**Problem to solve:** Write out the listing from the line with "Toilet roll holder" to the line with "Green double-cutaway beginner", both lines included, exactly and nothing beyond. Leave pictures out.

**Data extract:**
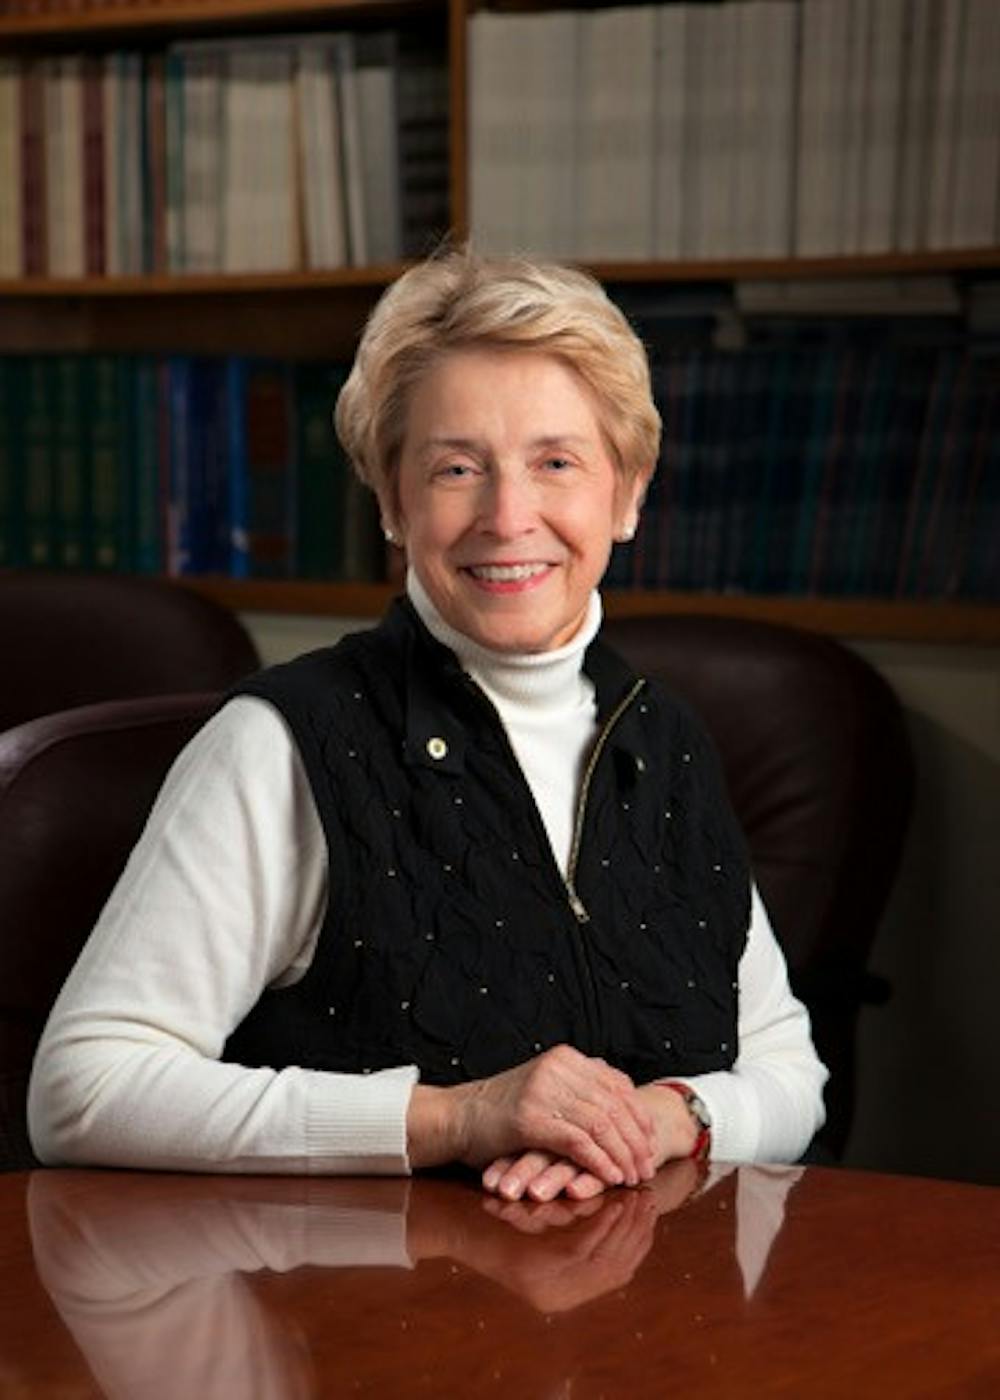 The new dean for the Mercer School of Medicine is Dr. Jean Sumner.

---

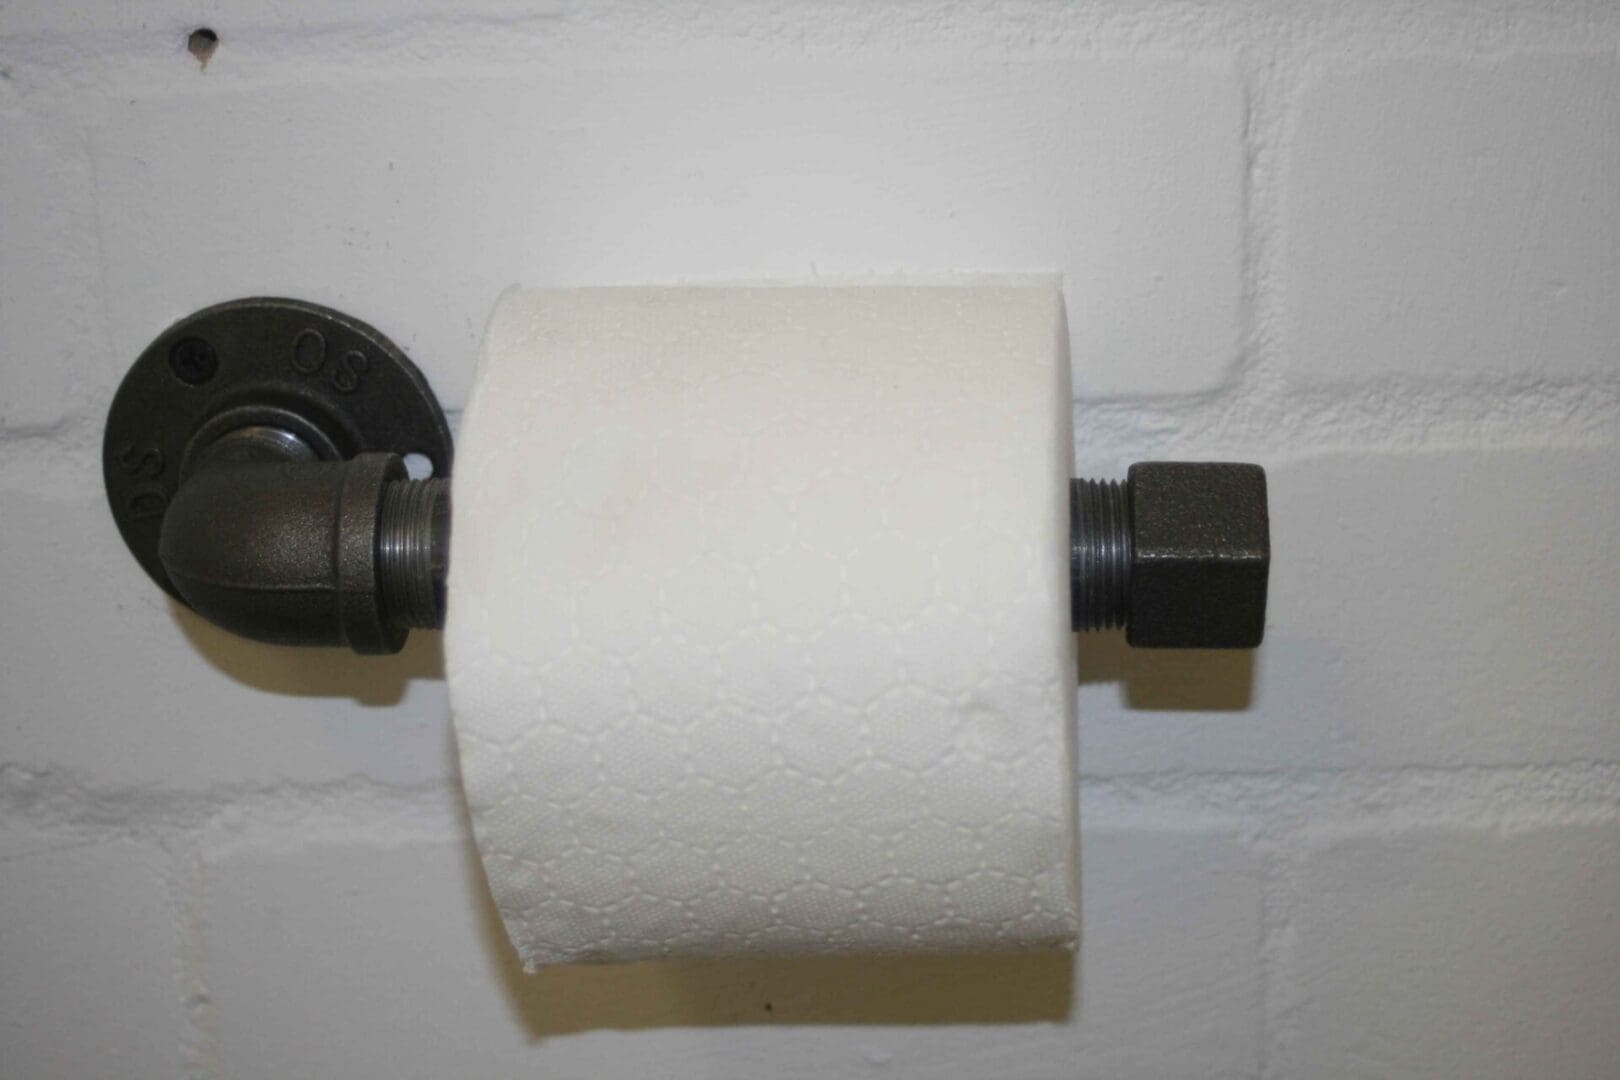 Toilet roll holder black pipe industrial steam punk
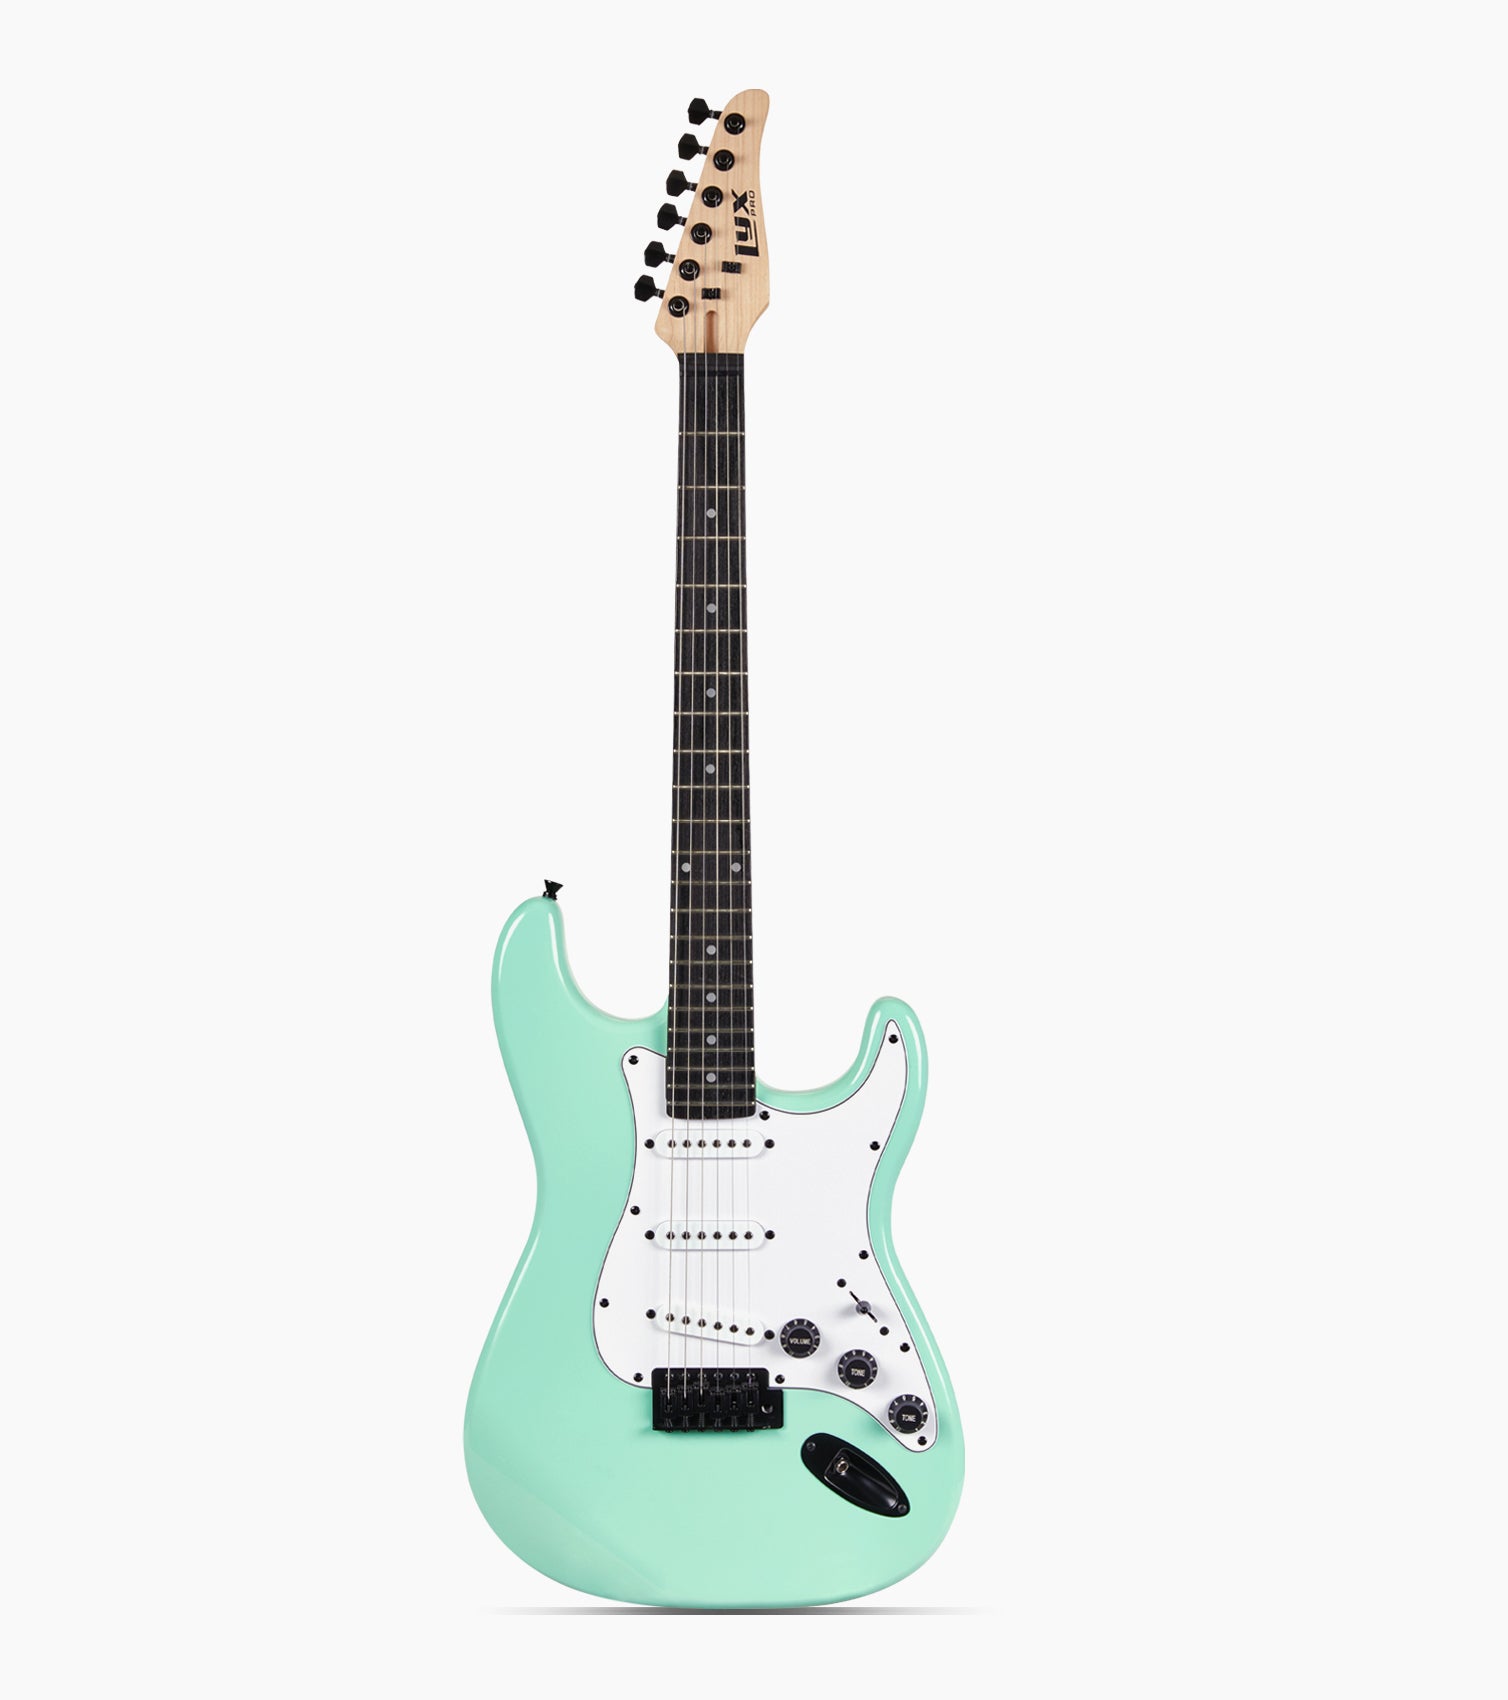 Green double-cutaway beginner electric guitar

**Solved problem:**
 Toilet roll holder black pipe industrial steam punk
 Green double-cutaway beginner electric guitar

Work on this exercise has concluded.